Ketogenic low carb diet food pyramid showing healthy fats, protein, non-starchy vegetables, dairy, berries and nuts
(img by The Primal Diet)

Low carb approaches come with a range of health advantages. Many people use them to support fat loss and better control of blood glucose.

There are different low carb styles that vary by the number of carbs allowed daily. A standard low carb plan often supplies less than 45% of total daily calories from carbohydrates. For someone on a 2000-calorie intake, that translates to under about 130 grams (g) of carbs per day.

Typically, low carb diets restrict foods high in carbohydrates or added sugars, such as sweets, starches, and refined grains.

Still, foods permitted on a low carb plan depend on your daily carb limit. Even relatively carb-rich items like fruits, starchy vegetables, and whole grains can be included in moderation on some low carb plans.

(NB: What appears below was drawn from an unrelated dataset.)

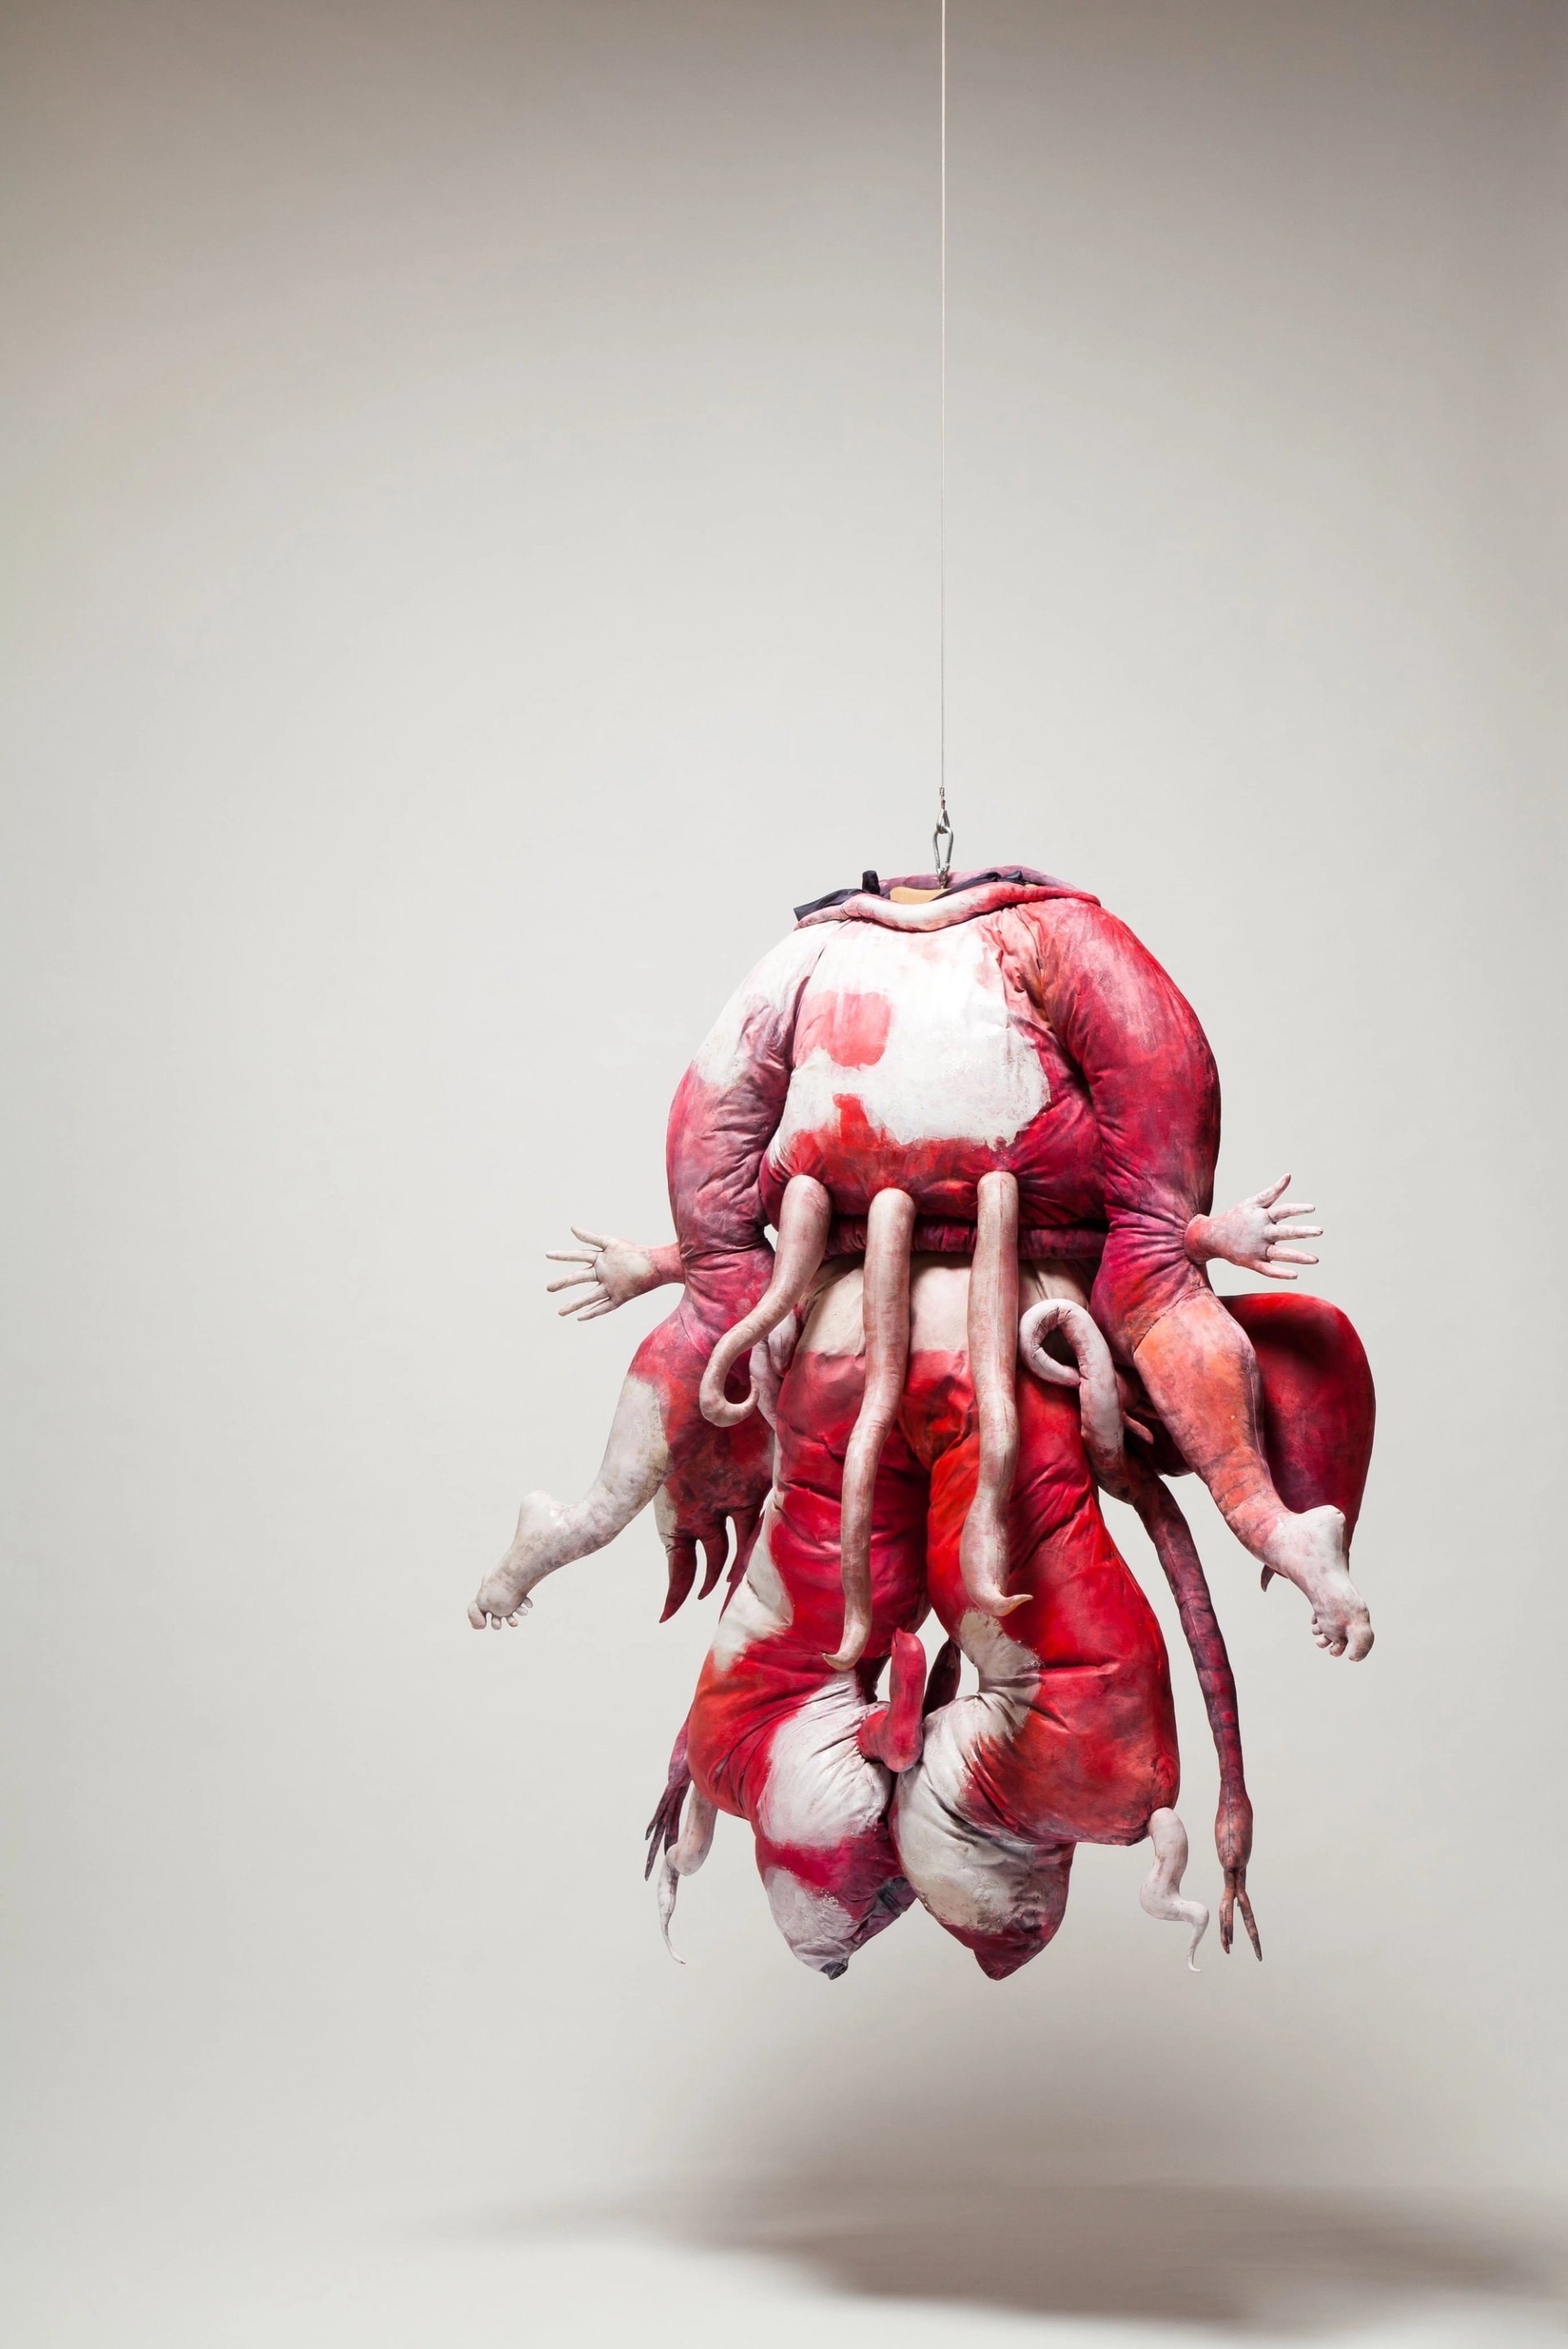 Lee Bul, "Untitled (Cravings Red)", 2011 (reconstruction of 1988 work). Photo: Jeon Byung-cheol, Courtesy of Studio Lee Bul

What is an example of a low carb diet?

Below are some of the more common low carb eating styles:

  • Ketogenic (keto) diet: This very low carb, high fat approach limits daily carbs to a small fraction of calories — usually around 20–50 g of carbs per day.
  • Atkins diet: In the initial phase of Atkins, carbs are restricted to about 20 g per day depending on the chosen plan. As you progress, carbs are gradually increased but often stay below 100 g daily.
  • South Beach diet: Along with lowering carbs, this plan emphasizes lean proteins and heart-healthy fats. During the first phase, grains and many fruits are excluded.
  • Paleo diet: Modeled after the eating habits of early humans, this approach is naturally lower in carbs.
  • Dukan diet: This program restricts carbohydrates while being high in protein and low in fat, organized into four phases to aid weight loss.

What food can you eat on a low carb diet?

Here are some foods commonly included on a low carb plan:

  • Meat: beef, lamb, pork, chicken
  • Fish: salmon, trout, haddock, tuna
  • Eggs: whole eggs, egg whites, yolks
  • Non-starchy vegetables: spinach, broccoli, cauliflower, carrots, asparagus, tomatoes
  • Lower carb fruits: oranges, blueberries, strawberries, raspberries, blackberries
  • Nuts and seeds: almonds, walnuts, sunflower seeds, chia seeds, pistachios
  • High-fat dairy: cheese, butter, heavy cream, Greek yogurt
  • Fats and oils: lard, avocados, avocado oil, olive oil, coconut oil

Foods to include in moderation

Unless you’re on a very low carb or ketogenic plan, you might include small portions of the following:

  • Starchy vegetables: potatoes, sweet potatoes, yams, peas, corn
  • Higher-carb fruits: bananas, pineapples, mango, and others
  • Whole grains: brown rice, oats, quinoa
  • Legumes: lentils, black beans, pinto beans, chickpeas
  • Higher-carb dairy: milk and full-fat yogurt

Dark chocolate contains antioxidants and may offer health benefits when consumed in moderation. Opt for dark chocolate that’s at least 70% cocoa.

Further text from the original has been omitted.